Kruzelock R P, Cuevas B D, Wiener J R, Xu F J, Yu Y, Cabeza-Arvelaiz Y, Pershouse M, Lovell M M, Killary A M, Mills G B, Bast R C
Howard Hughes Medical Institute, Baylor College of Medicine, Houston, Texas, TX 77030, USA.
Oncogene. 2000 Dec 14;19(54):6277-85. doi: 10.1038/sj.onc.1204013.

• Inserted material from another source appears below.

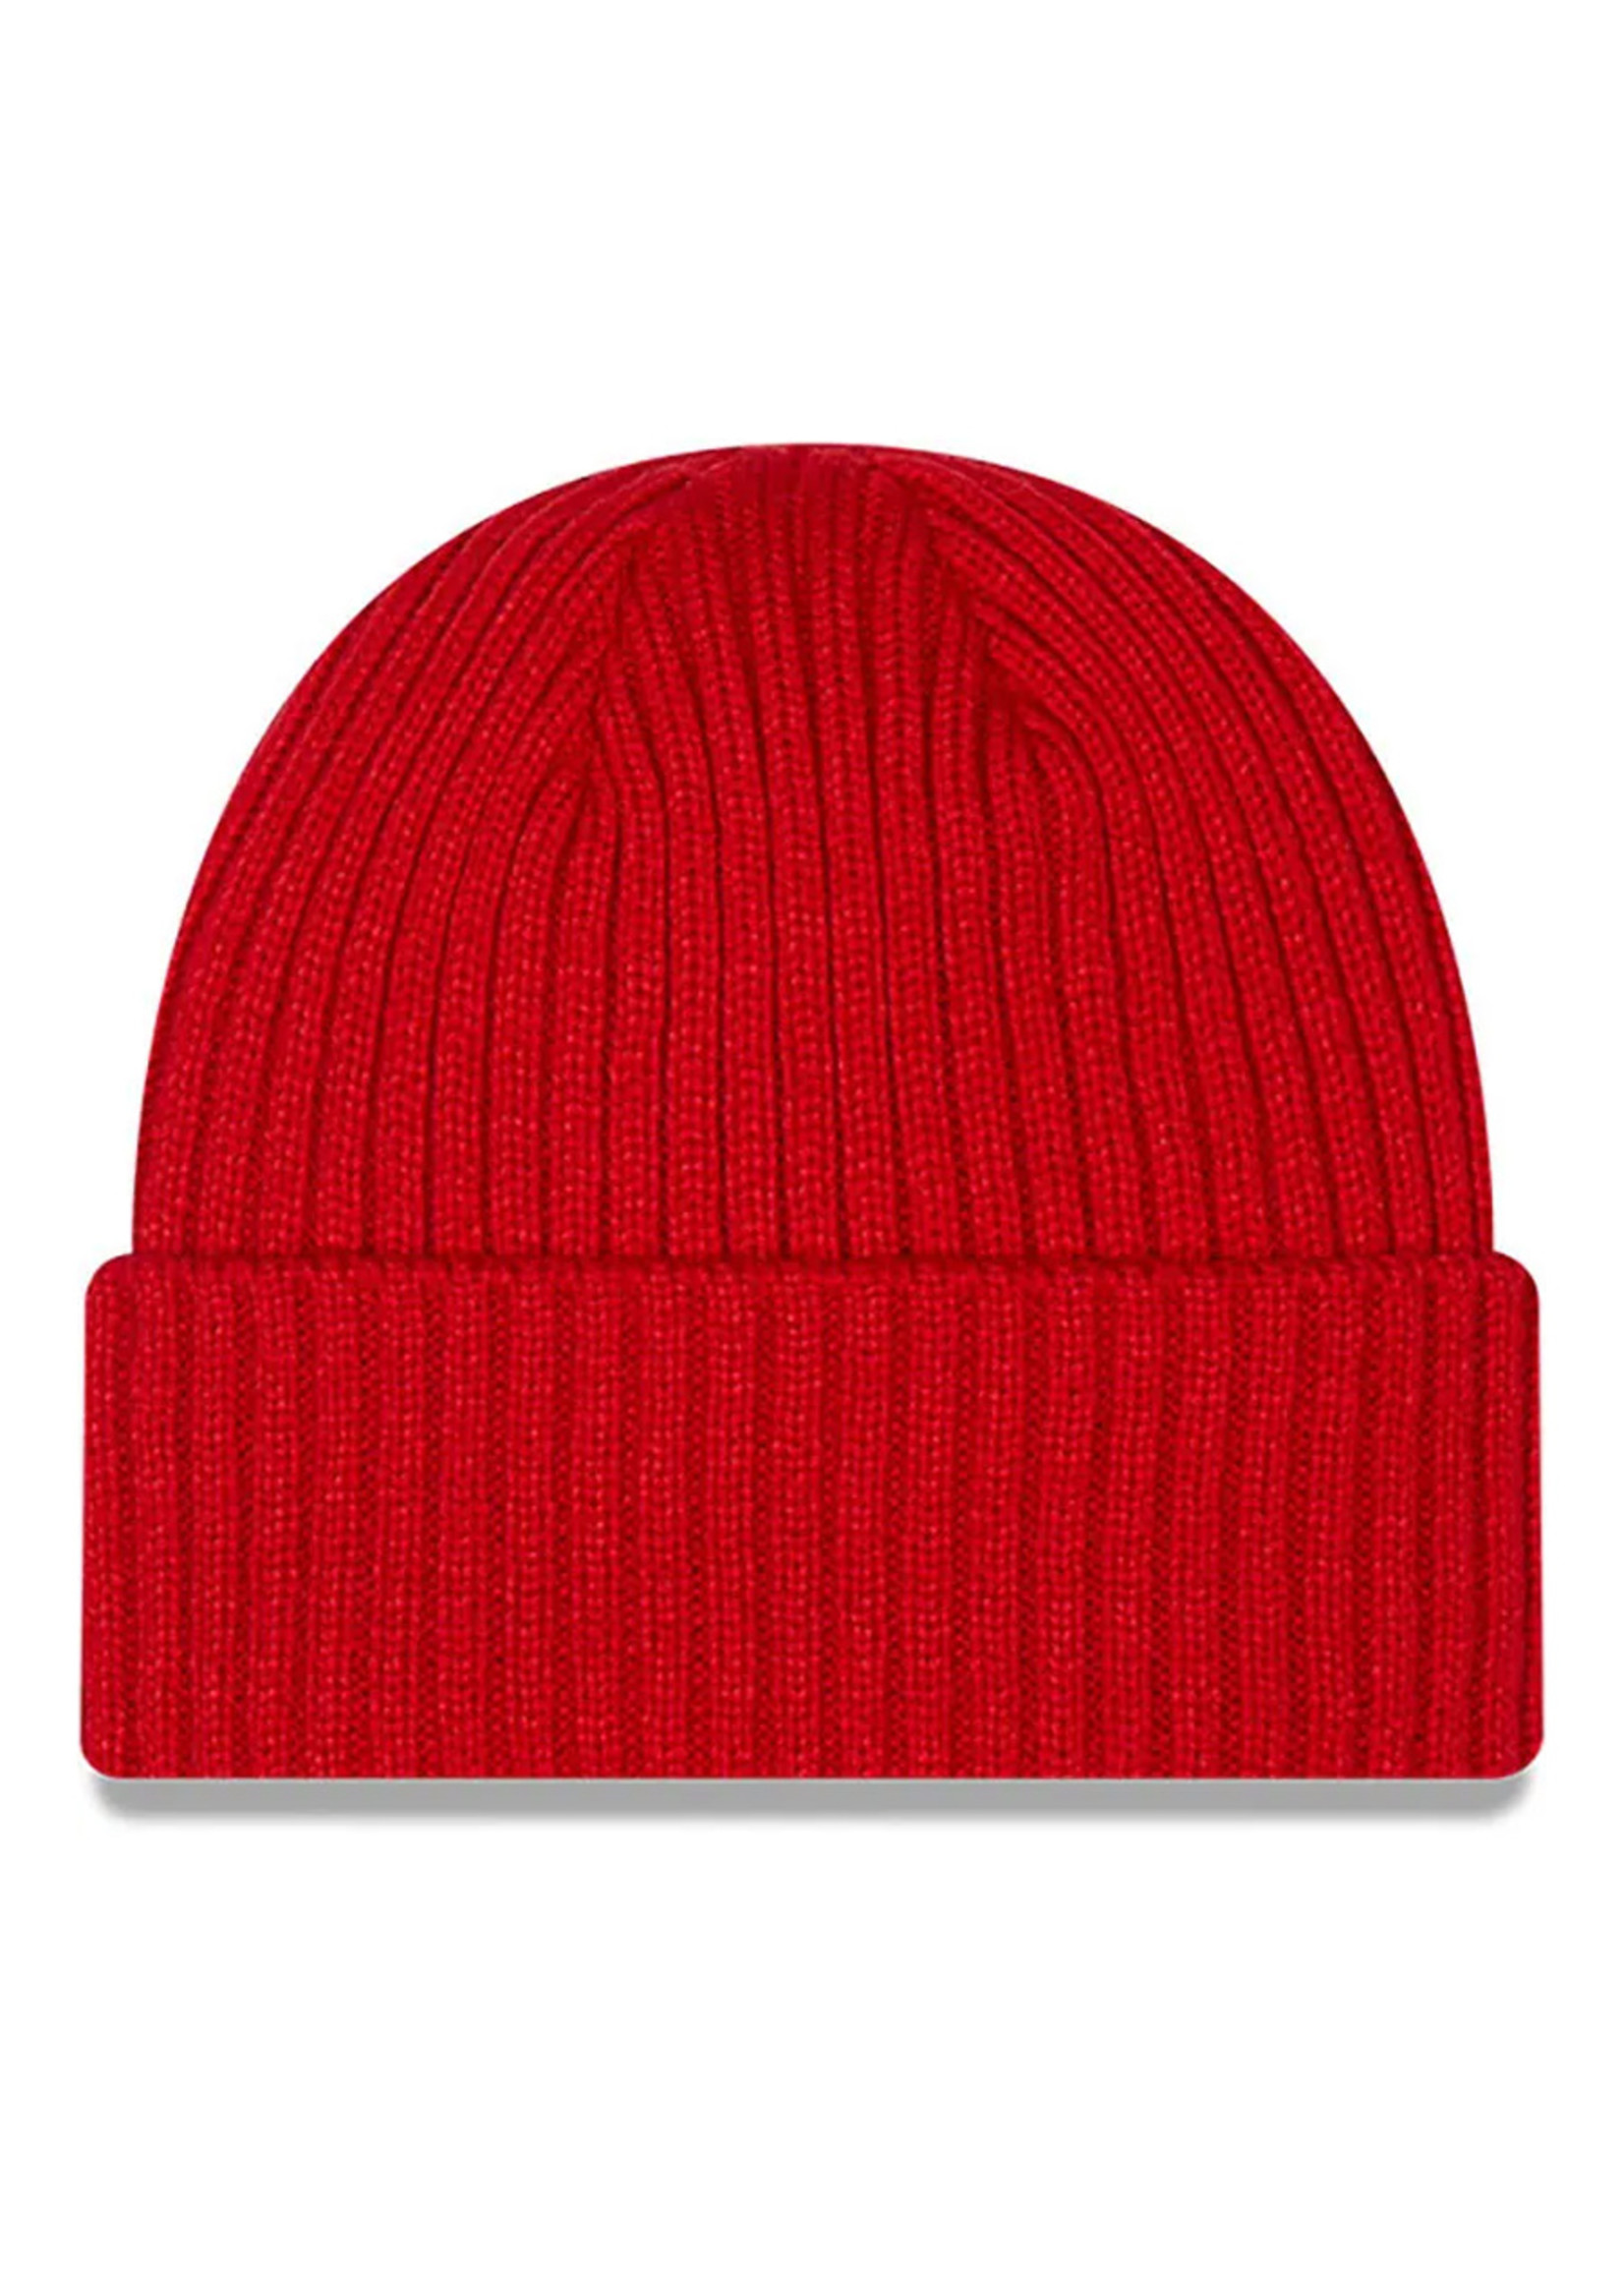 NEW ERA Ohio State Buckeyes Red Core Classic Knit Hat
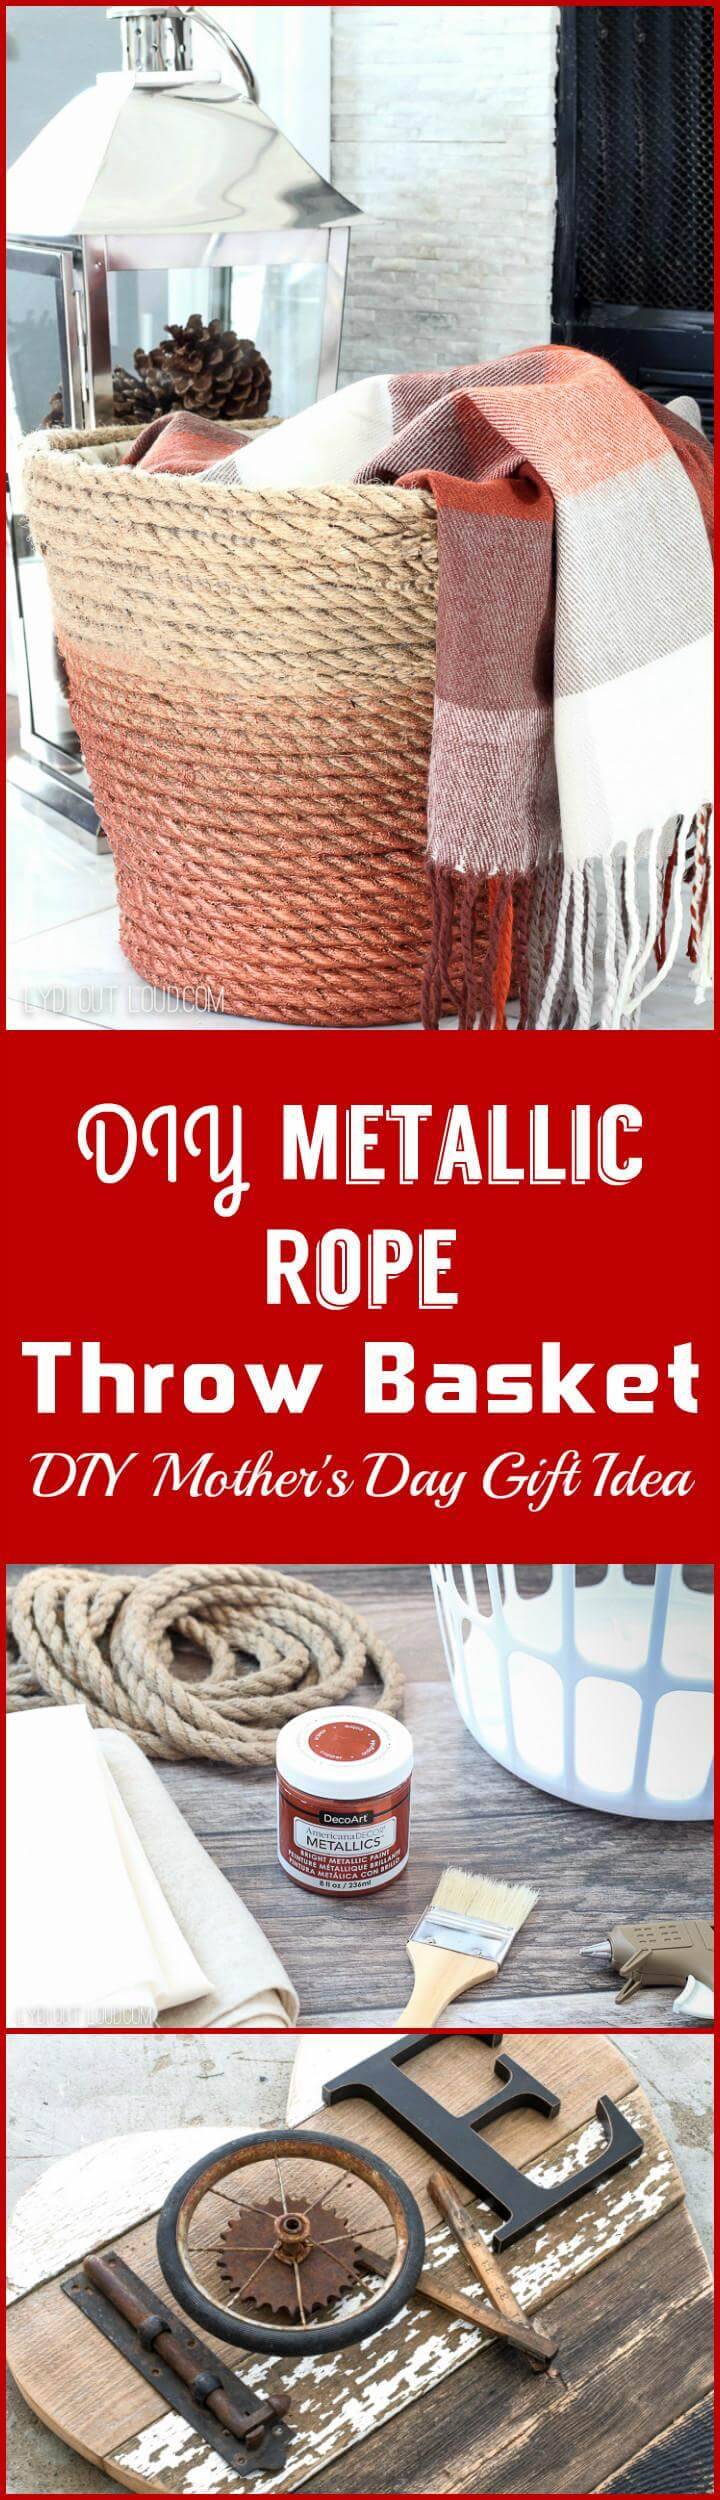 DIY metallic rope throw basket Mother's Day gift idea

The identity of many tumor suppressor genes important in epithelial ovarian cancer tumorigenesis remains unknown. In an effort to localize a novel tumor suppressor on chromosome 22, a psv2neo tagged human chromosome 22 was transferred into the malignant epithelial ovarian cancer cell line, SKOv-3, by microcell-mediated chromosome transfer. Complete suppression of the transformed phenotype was observed in 16 of 18 individual microcell hybrid clones as evidenced by the complete abrogation of cell growth under anchorage-independent conditions. In vitro doubling times were also dramatically reduced, as was the ability to form subcutaneous tumors in CD1 nu/nu mice. Only one polymorphic marker, D22S429, segregated with decreased transformation and tumorigenic potential, suggesting that an unrecognized tumor suppressor may localize to chromosome 22q11-q12. These data provide functional support for the presence of a novel tumor suppressor locus (or loci) on chromosome 22 that is important in ovarian cancer tumorigenesis.
许多在上皮性卵巢癌发生过程中起重要作用的肿瘤抑制基因的身份仍然未知。为了在22号染色体上定位一个新的肿瘤抑制基因,通过微细胞介导的染色体转移,将一个psv2neo标记的人22号染色体转入恶性上皮性卵巢癌细胞系SKOv-3。在18个单独的微细胞杂交克隆中,有16个观察到转化表型完全受到抑制,这在非锚定依赖条件下细胞生长完全被消除得到证明。体外倍增时间也显著缩短,在CD1 nu/nu小鼠中形成皮下肿瘤的能力也是如此。只有一个多态性标记D22S429与转化和致瘤潜力降低相关联,这表明一个未被识别的肿瘤抑制基因可能定位于22号染色体的q11-q12区域。这些数据为22号染色体上存在一个对卵巢癌发生至关重要的新肿瘤抑制基因座(或多个基因座)提供了功能支持。